Rapid social change has not helped. Family and community life have been redrawn in most rich countries, and none more so than Britain, where marriage rates are down to a 146-year low. A study in 2000 by the OECD found that British parents spend less time with their children compared to other nationalities, leaving them more open to influence from their peers and a commercially driven, celebrity-obsessed media. Elder Britons too often see their youngsters as a problem. Dominique Jansen, a Dutch mother living in England, says she recently took her two toddlers to her local church.

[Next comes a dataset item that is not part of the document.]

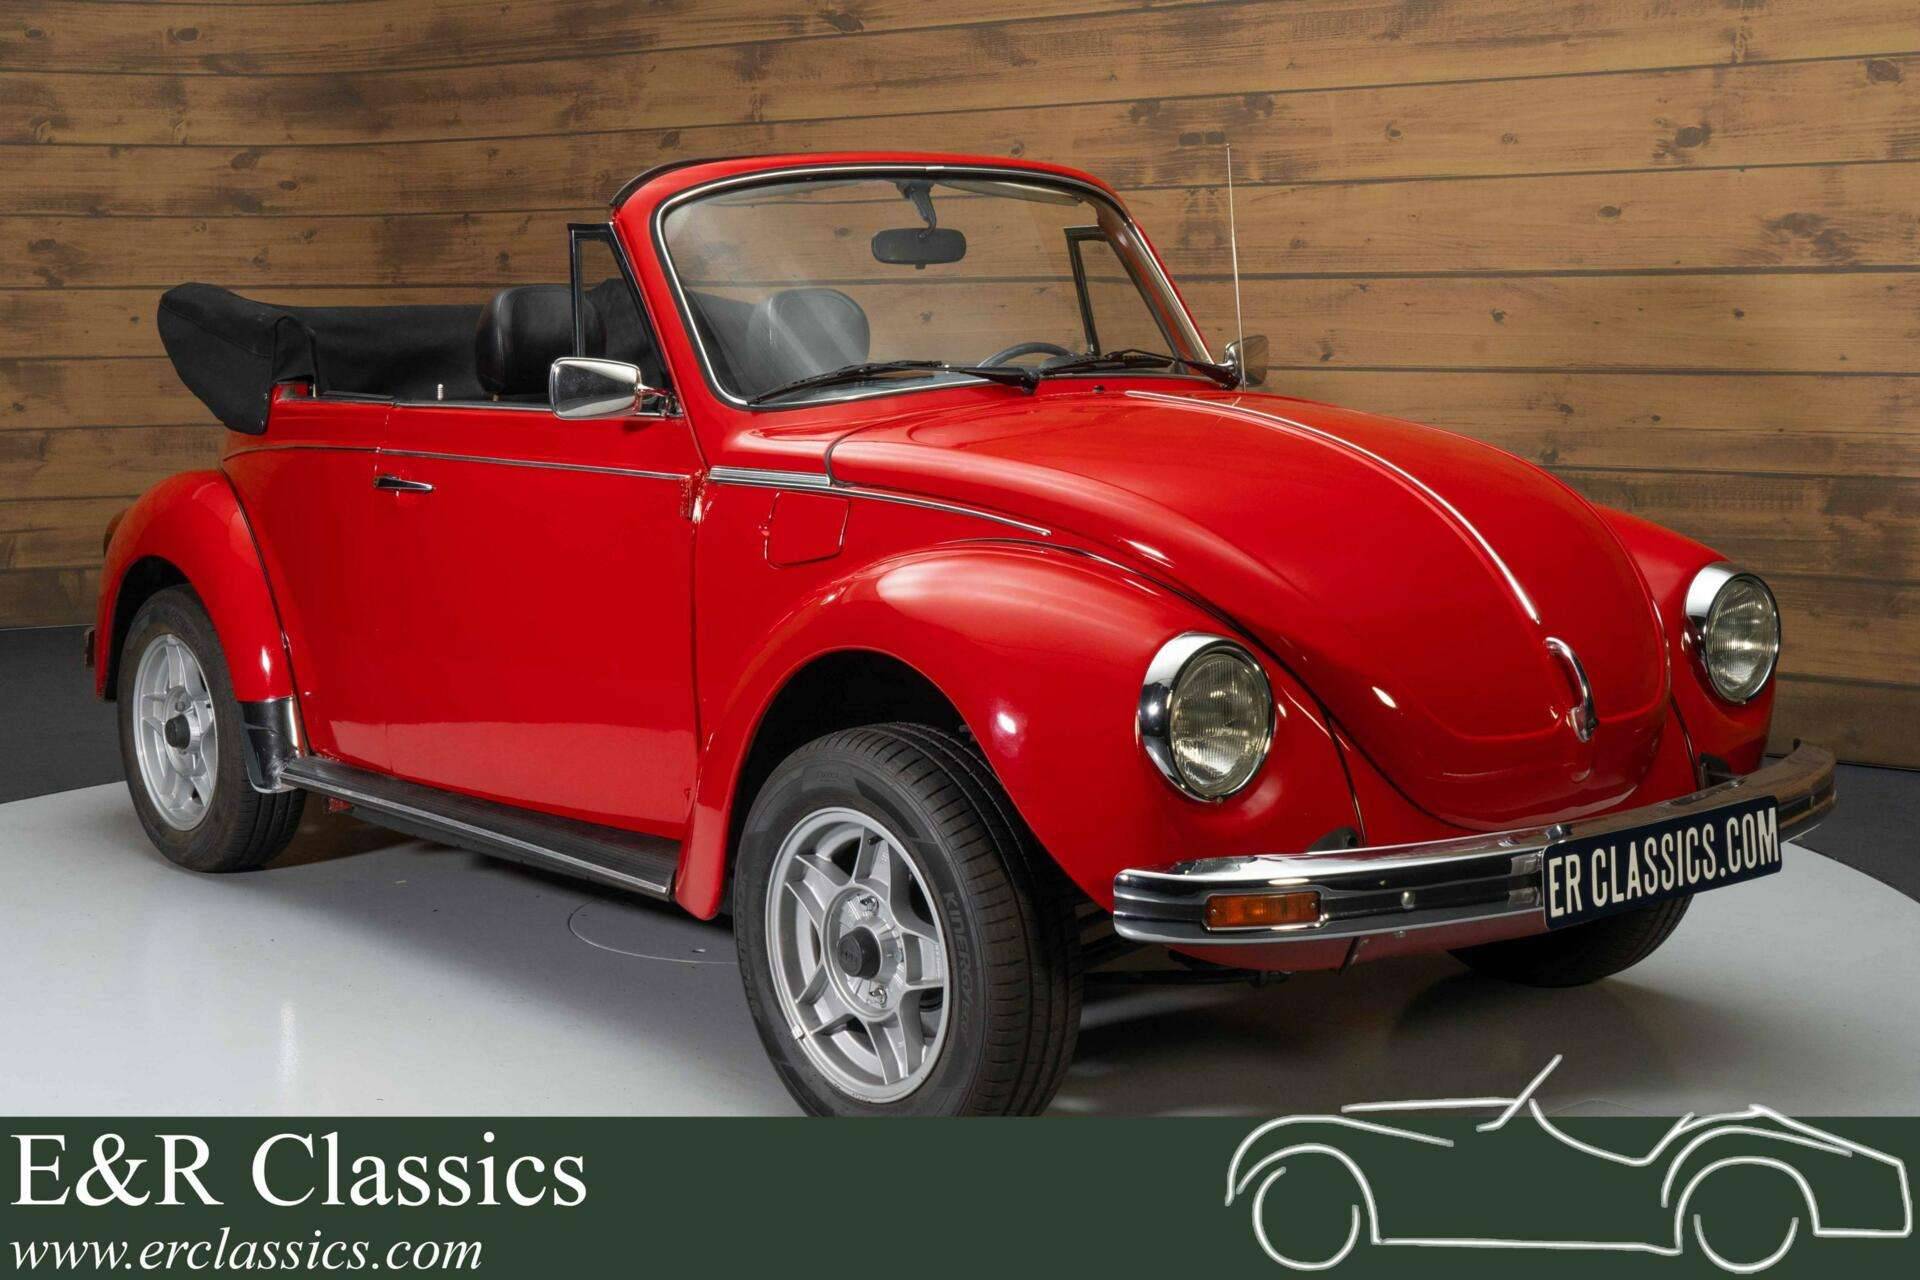 For Sale: Volkswagen Beetle 1303 (1976) offered for €36,950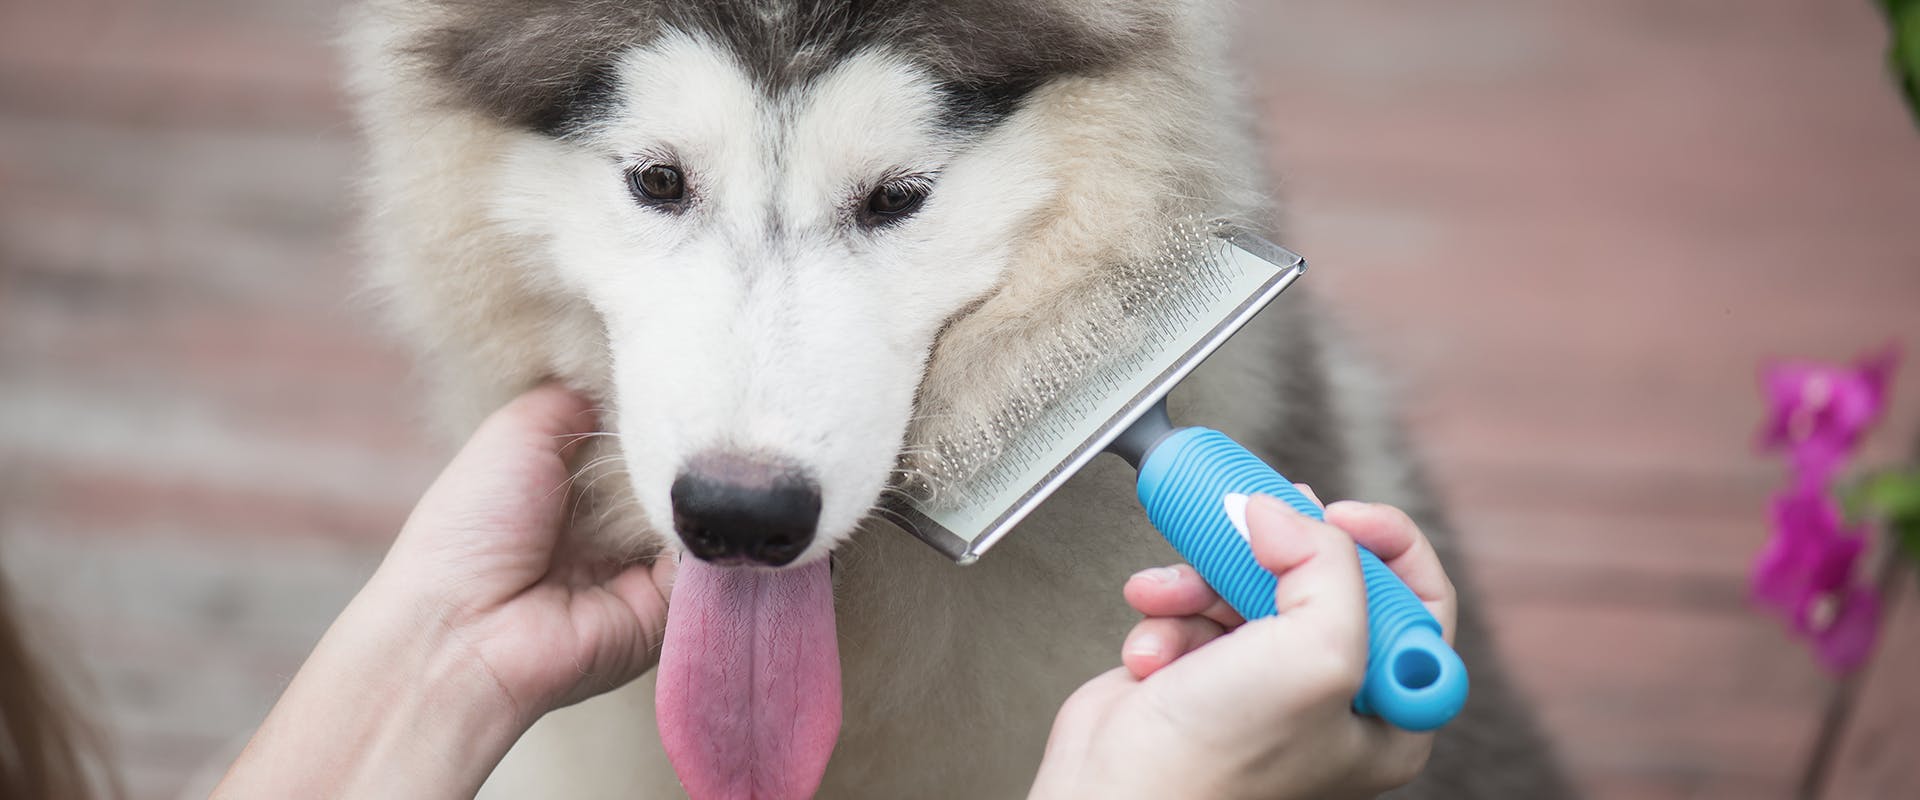 Best dog brushes for shedding - a dog being brushed with a deshedding brush

She was startled by sour looks when her younger child asked her for juice. "It was uncomfortable," she says. "We had to leave." "You can see very vivid differences between the U.K. and countries in Europe," says Reitemeier. "You go onto sink estates [poor housing projects] in this country and there isn't a single element designed for children."

Culture Clash
Cold-shouldered by grown-ups, young Britons have developed an especially potent culture of their own. "Young people live in a world with very little meaningful contact or engagement with adults," says Professor Richard Layard of the London School of Economics, who has made a study of the causes of happiness.

This youth culture echoes and magnifies aspects of the adult world around it. Binge-drinking, for example, is hardly the preserve of young Britons. A report by the organization Alcohol Concern noted that one in three British men and one in five women drink double the amount considered safe at least once a week. And, unlike many British sports, this pursuit is popular from the bottom of the social spectrum right to the top. Photographs of Princes William and Harry emerging flushed from nightclubs are tabloid staples.

Last month, the elder prince enjoyed a night at a club in Cornwall, southwestern England, which lures customers with shots of alcohol selling for $2 apiece. Soon after William left, a fellow patron was slashed with a broken bottle. In 2000, Euan Blair, the son of the Prime Minister, was arrested for being "drunk and incapable." "A lot of my friends, if they've worked really hard during the week, go out and get drunk on the weekend," says Claudine Biggs, an 18-year-old London schoolgirl. Biggs has written a play that premiered at a north London theater in February. Her teenage protagonists are dysfunctional and knowing, their cruelty as casual as their sexual relationships, their racy behavior only partially camouflaging palpable misery. There are no adults in the play to intervene or to comfort. For too many British kids, that's not drama; that's real life.